Mais un troisième tribunal du même type a existé qui est presque totalement méconnu : le Tribunal de Khabarovsk.

Celui-ci va siéger du 25 au 31 décembre 1949 dans la principale ville de l’Extrême-Orient soviétique : Khabarovsk. Pourquoi cette juridiction tardive et pourquoi ce procès où les accusés sont tous des militaires japonais alors que le Tribunal de Tokyo a rendu ses jugements un an plus tôt ?

Tout simplement parce ce que le tribunal de Tokyo a, sur la demande expresse des Etats-Unis exprimée dès la capitulation du Japon en  septembre 1945, écarté un des principaux criminels de guerre japonais, le général Shiro Ishii, commandant de l’unité de guerre bactériologique dite UNITE 731.

Cette unité a sévi en Chine à partir de l’invasion japonaise de 1937.
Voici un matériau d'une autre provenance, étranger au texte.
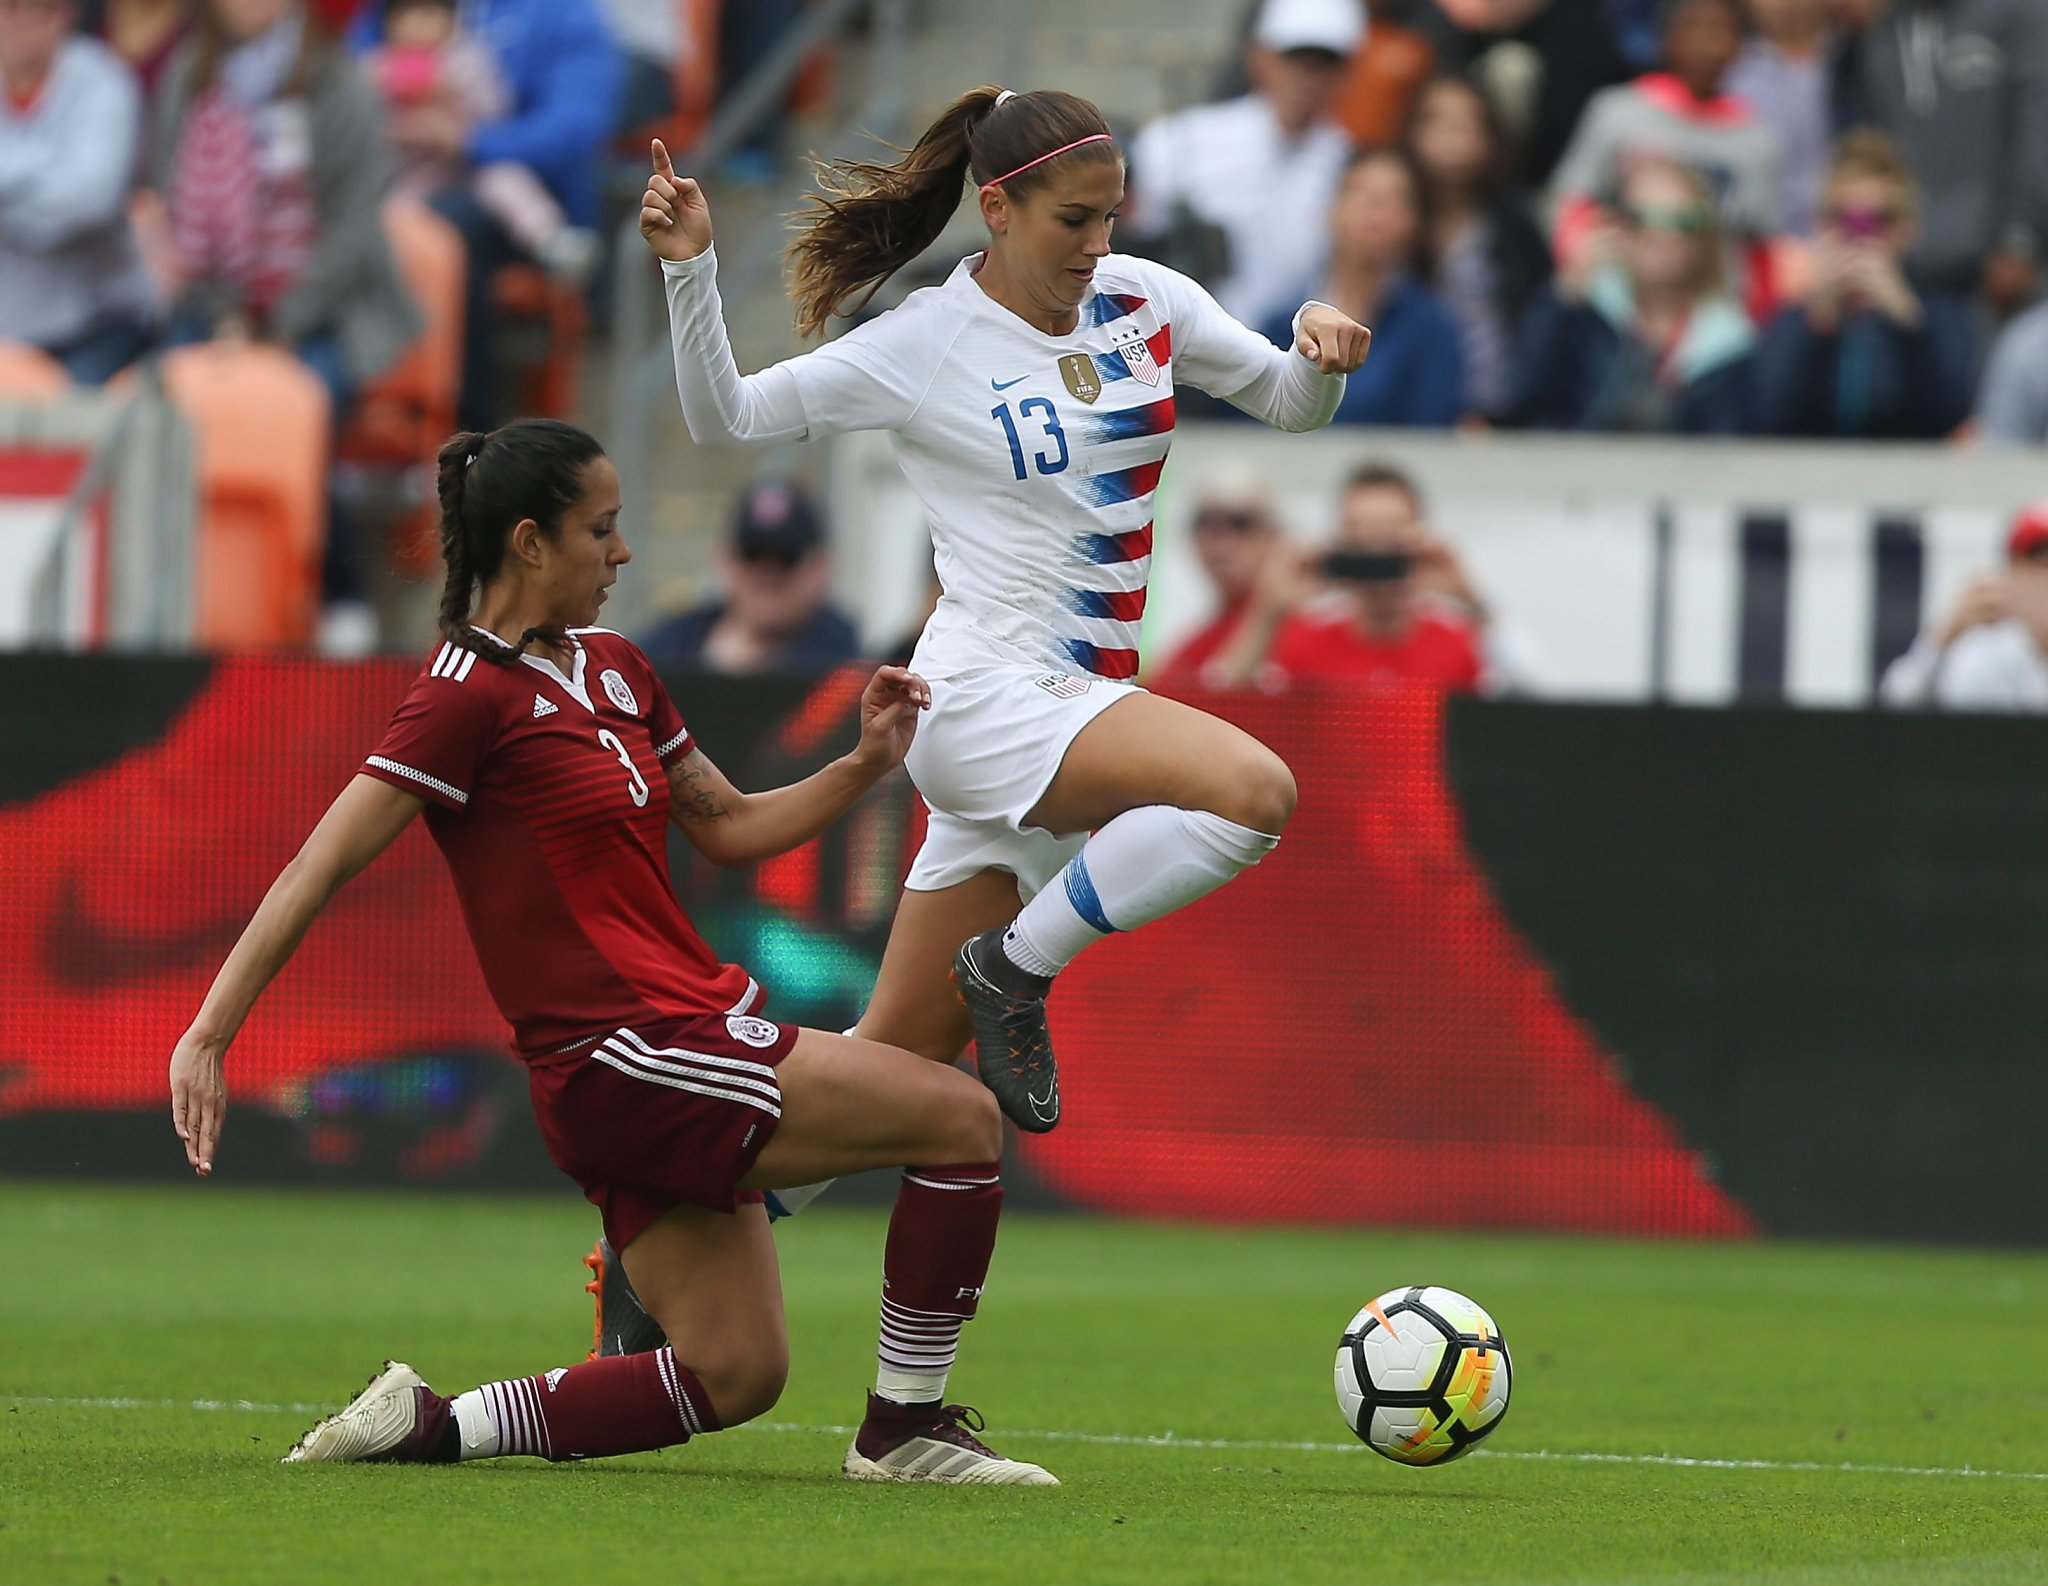 U.S. women's national soccer team returning to Avaya Stadium

A son « palmarès » deux catégories de crimes majeurs :

– des actions de guerre bactériologiques sous forme de parachutages sur des villes chinoises de puces porteuses de la peste et des disséminations de divers germes : anthrax, variole, typhus, typhoïde qui auraient fait entre 300 000 et 400 000 morts civils principalement. L’attaque biologique la plus connue est celle de la ville chinoise de Changde dans la province du Hunan. Elle a eu lieu pendant une bataille ayant opposé pendant les mois de novembre et décembre 1943 les armées de la Chine et du Japon impérial. Dans cette bataille L’armée japonaise a également utilisé des gaz de combat. Des recherches récentes menées par des chercheurs chinois ont montré que des petits groupes de l’UNITE 731 avaient également sévi en différents lieux pendant la guerre du Pacifique comme les Philippines. Le bilan complet des crimes de l’UNITE 731 reste donc encore à faire.
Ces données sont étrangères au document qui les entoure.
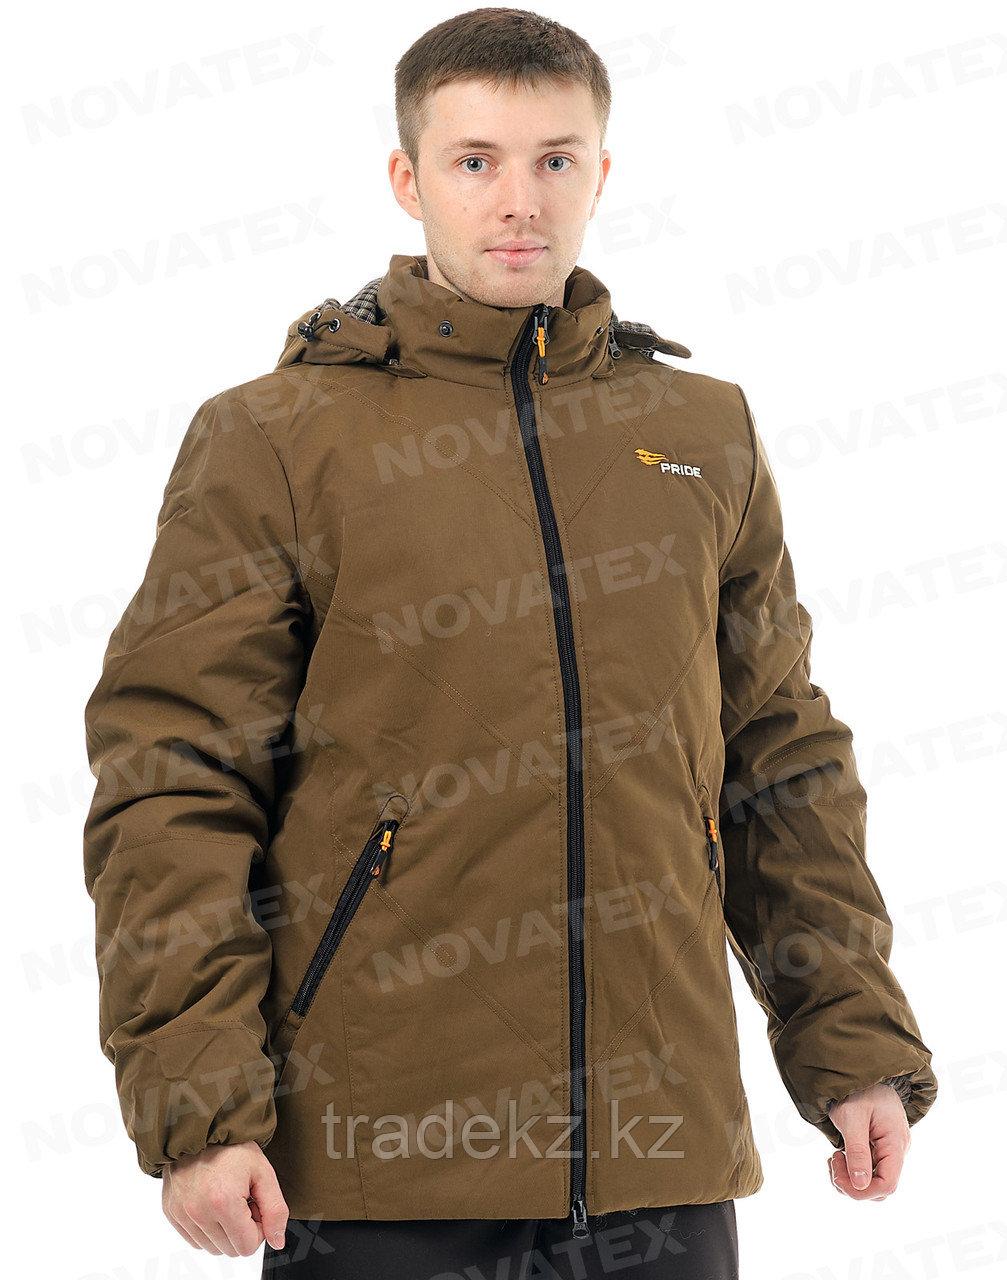 Куртка, парка зимняя Novatex Таганай (ткань граф, коричневый), размер 44-46

– des expériences à une échelle industrielle sur des prisonniers vivants chinois, russes, étasuniens tout ceci effectué dans un vaste camp installé dans la colonie japonaise du Mandchoukouo à Pingfan à proximité de la ville chinoise d’Harbin. Ce camp d’où aucun prisonnier n’est sorti vivant est du même niveau de barbarie qu’Auschwitz.

Les accusés au procès de Khabarovsk sont, à défaut de Shiro Ishii et de nombreux cadres de l’unité des militaires japonais capturés par l’armée soviétique au moment de son attaque – entamée le 8 Aout 1945 – de la Mandchourie japonaise. Les documents récupérés par l’armée soviétique dans les installations de l’UNITE 731 sont accablants et tous les inculpés qui reconnaissent les faits sont condamnés à des peines s’étageant entre 6 et 25 ans. En pratique ils seront, à l’instar de tous les prisonniers de guerre japonais détenus en URSS, tous libérés en 1956. Shiro Ishii qui a été protégé et a échappé au procès des criminels de guerre de Tokyo bien que le procureur ait demandé aux Etats-Unis des documents sur l’UNITE 731 qui ne lui ont jamais été fournis. Il vit tranquillement au Japon. Il ne sera pas inquiété par le tribunal de Khabarovsk puisqu’il n’est pas aux mains de l’URSS qui a compris qu’il ne lui serait pas livré et doit se contenter de condamner ceux de ses collaborateurs qu’elle a pu faire prisonniers.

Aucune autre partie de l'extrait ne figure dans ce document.